** ENTRIES PROVIDED follows **

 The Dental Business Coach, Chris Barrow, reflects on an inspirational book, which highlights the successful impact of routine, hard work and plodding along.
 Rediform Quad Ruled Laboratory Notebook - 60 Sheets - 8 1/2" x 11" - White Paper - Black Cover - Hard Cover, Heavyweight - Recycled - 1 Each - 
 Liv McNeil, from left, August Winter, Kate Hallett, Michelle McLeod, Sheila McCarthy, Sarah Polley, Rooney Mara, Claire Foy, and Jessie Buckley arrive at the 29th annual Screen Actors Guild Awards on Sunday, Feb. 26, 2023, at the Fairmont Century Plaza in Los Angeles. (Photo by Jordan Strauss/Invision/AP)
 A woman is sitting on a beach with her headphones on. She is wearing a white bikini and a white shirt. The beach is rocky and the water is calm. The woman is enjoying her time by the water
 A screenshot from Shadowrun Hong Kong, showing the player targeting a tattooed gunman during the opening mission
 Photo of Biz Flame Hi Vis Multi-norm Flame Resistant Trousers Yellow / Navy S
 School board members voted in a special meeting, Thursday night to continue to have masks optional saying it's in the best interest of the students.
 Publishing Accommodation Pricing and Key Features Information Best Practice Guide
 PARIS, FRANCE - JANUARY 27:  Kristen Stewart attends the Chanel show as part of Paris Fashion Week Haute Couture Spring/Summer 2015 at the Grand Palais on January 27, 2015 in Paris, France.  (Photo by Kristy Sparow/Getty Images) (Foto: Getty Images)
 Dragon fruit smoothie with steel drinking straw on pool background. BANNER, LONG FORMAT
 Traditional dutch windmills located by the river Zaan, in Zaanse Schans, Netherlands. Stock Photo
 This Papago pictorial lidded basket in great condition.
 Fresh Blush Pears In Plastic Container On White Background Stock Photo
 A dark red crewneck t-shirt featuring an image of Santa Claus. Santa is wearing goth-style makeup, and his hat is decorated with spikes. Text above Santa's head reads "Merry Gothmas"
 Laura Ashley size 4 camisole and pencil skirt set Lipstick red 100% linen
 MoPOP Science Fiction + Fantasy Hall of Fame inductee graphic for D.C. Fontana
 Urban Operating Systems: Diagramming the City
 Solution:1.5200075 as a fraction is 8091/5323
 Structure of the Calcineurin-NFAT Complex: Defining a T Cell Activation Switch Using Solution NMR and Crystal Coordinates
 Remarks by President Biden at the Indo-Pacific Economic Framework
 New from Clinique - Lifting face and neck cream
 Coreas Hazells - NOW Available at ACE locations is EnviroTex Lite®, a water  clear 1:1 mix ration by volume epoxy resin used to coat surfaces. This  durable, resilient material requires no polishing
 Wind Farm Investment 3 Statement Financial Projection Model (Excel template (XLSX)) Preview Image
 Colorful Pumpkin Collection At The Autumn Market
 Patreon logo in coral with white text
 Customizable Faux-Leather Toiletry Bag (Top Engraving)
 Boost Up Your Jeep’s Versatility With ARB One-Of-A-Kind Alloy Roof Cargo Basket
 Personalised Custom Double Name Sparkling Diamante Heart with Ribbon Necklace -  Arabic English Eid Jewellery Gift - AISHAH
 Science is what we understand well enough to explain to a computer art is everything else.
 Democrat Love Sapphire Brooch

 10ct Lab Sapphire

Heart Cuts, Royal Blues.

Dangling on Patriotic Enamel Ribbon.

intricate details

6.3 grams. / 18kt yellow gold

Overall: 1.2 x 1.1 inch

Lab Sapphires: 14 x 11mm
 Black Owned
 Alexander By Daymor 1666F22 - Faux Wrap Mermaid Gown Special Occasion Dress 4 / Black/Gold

** End of ENTRIES PROVIDED **

◆ EXERCISE BRIEF:
The data above, all of it, needs to be output exactly as written.

◆ SOLUTION FOR THIS TASK:
 The Dental Business Coach, Chris Barrow, reflects on an inspirational book, which highlights the successful impact of routine, hard work and plodding along.
 Rediform Quad Ruled Laboratory Notebook - 60 Sheets - 8 1/2" x 11" - White Paper - Black Cover - Hard Cover, Heavyweight - Recycled - 1 Each - 
 Liv McNeil, from left, August Winter, Kate Hallett, Michelle McLeod, Sheila McCarthy, Sarah Polley, Rooney Mara, Claire Foy, and Jessie Buckley arrive at the 29th annual Screen Actors Guild Awards on Sunday, Feb. 26, 2023, at the Fairmont Century Plaza in Los Angeles. (Photo by Jordan Strauss/Invision/AP)
 A woman is sitting on a beach with her headphones on. She is wearing a white bikini and a white shirt. The beach is rocky and the water is calm. The woman is enjoying her time by the water
 A screenshot from Shadowrun Hong Kong, showing the player targeting a tattooed gunman during the opening mission
 Photo of Biz Flame Hi Vis Multi-norm Flame Resistant Trousers Yellow / Navy S
 School board members voted in a special meeting, Thursday night to continue to have masks optional saying it's in the best interest of the students.
 Publishing Accommodation Pricing and Key Features Information Best Practice Guide
 PARIS, FRANCE - JANUARY 27:  Kristen Stewart attends the Chanel show as part of Paris Fashion Week Haute Couture Spring/Summer 2015 at the Grand Palais on January 27, 2015 in Paris, France.  (Photo by Kristy Sparow/Getty Images) (Foto: Getty Images)
 Dragon fruit smoothie with steel drinking straw on pool background. BANNER, LONG FORMAT
 Traditional dutch windmills located by the river Zaan, in Zaanse Schans, Netherlands. Stock Photo
 This Papago pictorial lidded basket in great condition.
 Fresh Blush Pears In Plastic Container On White Background Stock Photo
 A dark red crewneck t-shirt featuring an image of Santa Claus. Santa is wearing goth-style makeup, and his hat is decorated with spikes. Text above Santa's head reads "Merry Gothmas"
 Laura Ashley size 4 camisole and pencil skirt set Lipstick red 100% linen
 MoPOP Science Fiction + Fantasy Hall of Fame inductee graphic for D.C. Fontana
 Urban Operating Systems: Diagramming the City
 Solution:1.5200075 as a fraction is 8091/5323
 Structure of the Calcineurin-NFAT Complex: Defining a T Cell Activation Switch Using Solution NMR and Crystal Coordinates
 Remarks by President Biden at the Indo-Pacific Economic Framework
 New from Clinique - Lifting face and neck cream
 Coreas Hazells - NOW Available at ACE locations is EnviroTex Lite®, a water  clear 1:1 mix ration by volume epoxy resin used to coat surfaces. This  durable, resilient material requires no polishing
 Wind Farm Investment 3 Statement Financial Projection Model (Excel template (XLSX)) Preview Image
 Colorful Pumpkin Collection At The Autumn Market
 Patreon logo in coral with white text
 Customizable Faux-Leather Toiletry Bag (Top Engraving)
 Boost Up Your Jeep’s Versatility With ARB One-Of-A-Kind Alloy Roof Cargo Basket
 Personalised Custom Double Name Sparkling Diamante Heart with Ribbon Necklace -  Arabic English Eid Jewellery Gift - AISHAH
 Science is what we understand well enough to explain to a computer art is everything else.
 Democrat Love Sapphire Brooch

 10ct Lab Sapphire

Heart Cuts, Royal Blues.

Dangling on Patriotic Enamel Ribbon.

intricate details

6.3 grams. / 18kt yellow gold

Overall: 1.2 x 1.1 inch

Lab Sapphires: 14 x 11mm
 Black Owned
 Alexander By Daymor 1666F22 - Faux Wrap Mermaid Gown Special Occasion Dress 4 / Black/Gold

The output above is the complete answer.